Many have been asking why oil prices have declined during a time when they have a tendency to rise. Logic tells us that the summer months are vacation months and there is a higher demand on oil because of gasoline consumption. But the price of gasoline and crude oil have declined since the middle of June during the meat of the summer. This is even contrary to the inventories reported by the EIA in the chart below. Notice that inventories have declined almost every week this year (note: SPR is the Strategic Petroleum Reserve).
At the beginning of this year, the Keystone Pipeline was completed between Cushing, OK, and the Texas Gulf Coast. Cushing was basically an island in the center of the US. There are only 2-lane roads in and out of there, so it took a lot of semi’s to move the oil. Now they can pipe it out. But since we still take inventories at Cushing, we have seen a decline in inventories. What is not shown is the increase at the refineries on the Gulf Coast. Since oil can be shipped out much quicker, it has to be going somewhere, and that is not showing in the inventories.

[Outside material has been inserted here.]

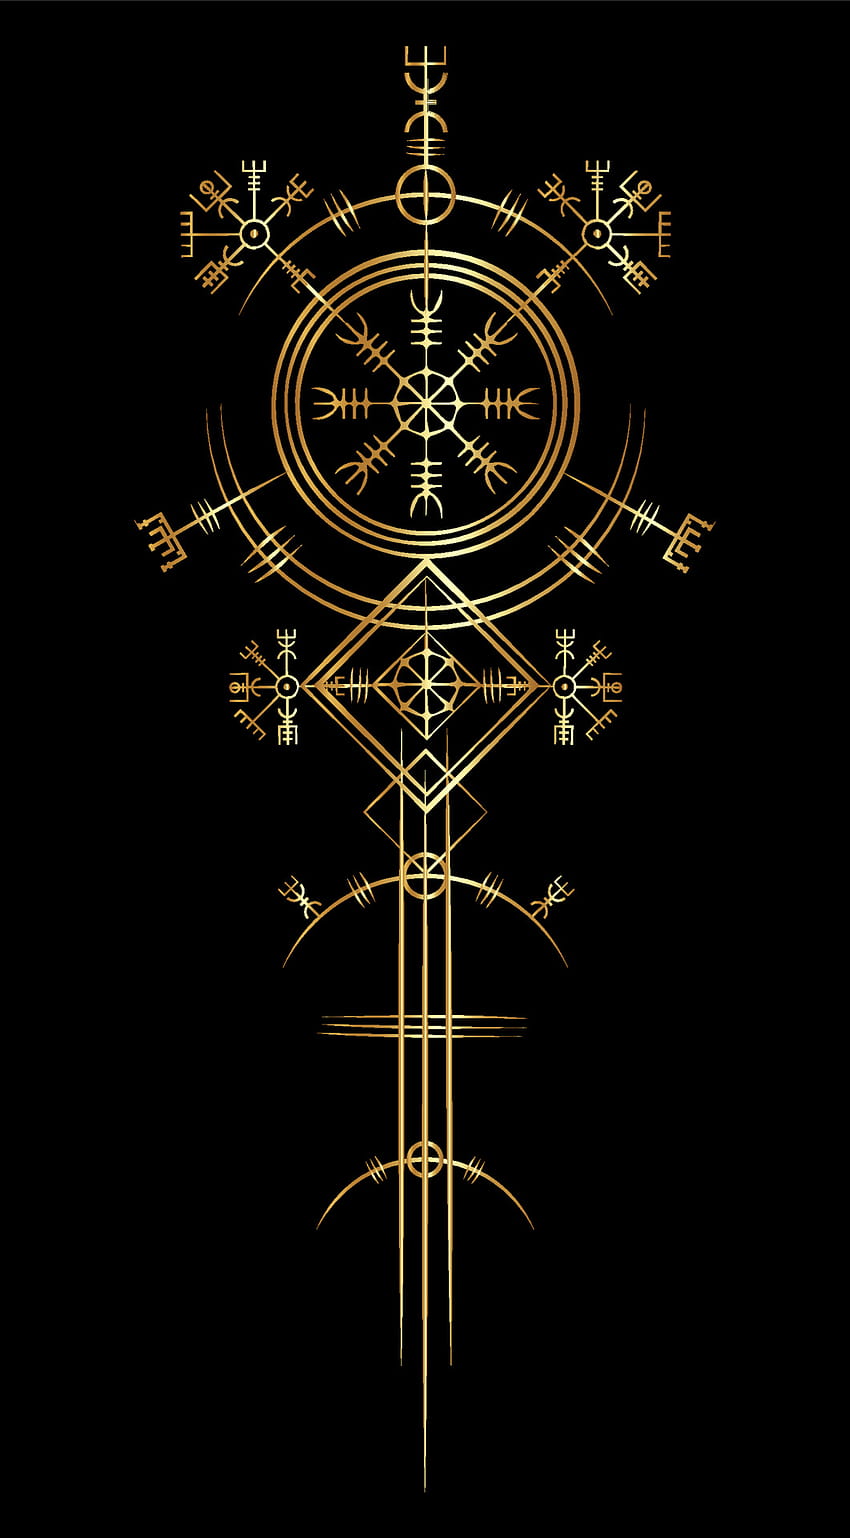 Mágico art déco vikingo antiguo, brújula de navegación Gold Vegvisir antigua. Los vikingos utilizaron muchos símbolos de acuerdo con la mitología nórdica, muy utilizados en la sociedad vikinga. Logo icon Wiccan signo esotérico 3727193 Vector, símbolos antiguos fondo de pantalla del teléfono

The second reason oil prices are declining comes from the “world economy”. Europe, Japan, and China are beginning to show some economic weakness. The US is still stagnant, but the first quarter of this year was down (GDP showed a -2.1% contraction). This is the demand side of the equation. Demand has dropped. Supply is healthy. Put the 2 together and you have negative/weak prices. Look at the EIA chart below on US crude oil production. Notice the large increase over the past 2-3 years. According to Reuters, July 2014 had the highest oil production in the US in 27 years.
One last chart. Below is a weekly chart of crude oil. The simple moving averages are a 3 period, 21 period, and 65 period average. Notice that the 3 period average is below both the 21 and 65 week averages. Based off the current chart, crude is weak as long as it stays below the 100.50 per barrel area. There is big support around the 91.25-92.00 area, and if that is broken, 85 dollar crude might be in the books.
High production, missing inventories, and slower world demand adds up to a slippery slope of crude. Good luck trading!